Pan Liyuan, Hartley Richard, Liu Liu, Xu Zhiwei, Chowdhury Shah, Yang Yan, Zhang Hongguang, Li Hongdong, Liu Miaomiao
IEEE Trans Pattern Anal Mach Intell. 2024 Dec;46(12):11314-11330. doi: 10.1109/TPAMI.2024.3458974. Epub 2024 Nov 6.
Dual-pixel (DP) imaging sensors are getting more popularly adopted by modern cameras. A DP camera captures a pair of images in a single snapshot by splitting each pixel in half.

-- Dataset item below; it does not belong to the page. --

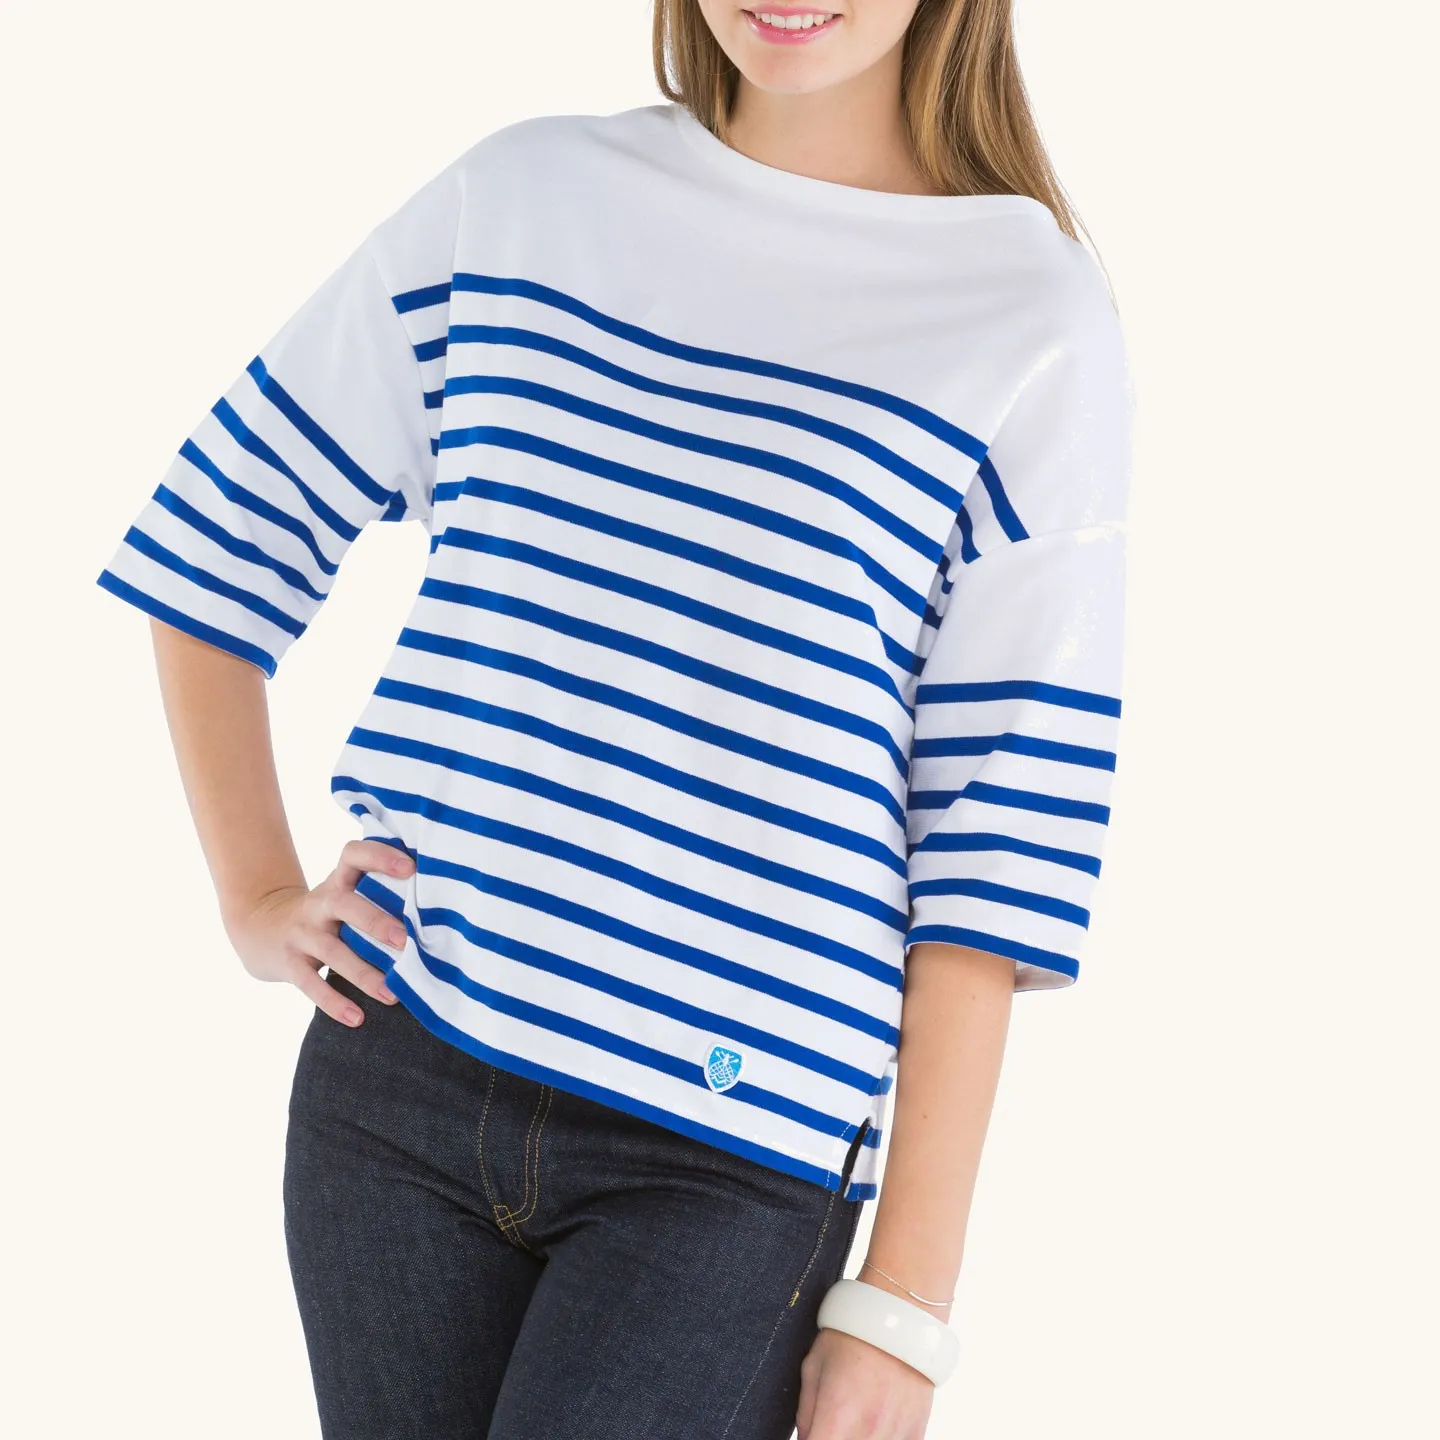 Drop-Shoulders Women's Striped shirt White / Blue Orcival

Several previous studies show how to recover depth information by treating the DP pair as an approximate stereo pair. However, dual-pixel disparity occurs only in image regions with defocus blur which is unlike classic stereo disparity. Heavy defocus blur in DP pairs affects the performance of depth estimation approaches based on matching. Therefore, we treat the blur removal and the depth estimation as a joint problem. We investigate the formation of the DP pair, which links the blur and depth information, rather than blindly removing the blur effect. We propose a mathematical DP model that can improve depth estimation by the blur. This exploration motivated us to propose our previous work, an end-to-end DDDNet (DP-based Depth and Deblur Network), which jointly estimates depth and restores the image in a supervised fashion. However, collecting the ground-truth (GT) depth map for the DP pair is challenging and limits the depth estimation potential of the DP sensor. Therefore, we propose an extension of the DDDNet, called WDDNet (Weakly-supervised Depth and Deblur Network), which includes an efficient reblur solver that does not require GT depth maps for training. To achieve this, we convert all-in-focus images into supervisory signals for unsupervised depth estimation in our WDDNet. We jointly estimate an all-in-focus image and a disparity map, then use a Reblur and Fstack module to regularize the disparity estimation and image restoration. We conducted extensive experiments on synthetic and real data to demonstrate the competitive performance of our method when compared to state-of-the-art (SOTA) supervised approaches.
双像素(DP)成像传感器正越来越广泛地被现代相机所采用。DP相机通过将每个像素一分为二,在单次拍摄中捕获一对图像。先前的一些研究展示了如何将DP图像对视为近似立体图像对来恢复深度信息。然而,双像素视差仅出现在具有散焦模糊的图像区域,这与经典立体视差不同。DP图像对中的严重散焦模糊会影响基于匹配的深度估计方法的性能。因此,我们将去模糊和深度估计视为一个联合问题。我们研究DP图像对的形成,它将模糊和深度信息联系起来,而不是盲目地消除模糊效果。我们提出了一个数学DP模型,该模型可以通过模糊来改进深度估计。这一探索促使我们提出了之前的工作,即端到端的DDDNet(基于双像素的深度与去模糊网络),它以有监督的方式联合估计深度并恢复图像。然而,为DP图像对收集真实深度图具有挑战性,并且限制了DP传感器的深度估计潜力。因此,我们提出了DDDNet的扩展版本,称为WDDNet(弱监督深度与去模糊网络),它包括一个高效的再模糊求解器,在训练时不需要真实深度图。为了实现这一点,我们在WDDNet中将全聚焦图像转换为用于无监督深度估计的监督信号。我们联合估计全聚焦图像和视差图,然后使用再模糊和Fstack模块来规范视差估计和图像恢复。我们在合成数据和真实数据上进行了广泛的实验,以证明我们的方法与最新的(SOTA)有监督方法相比具有竞争力的性能。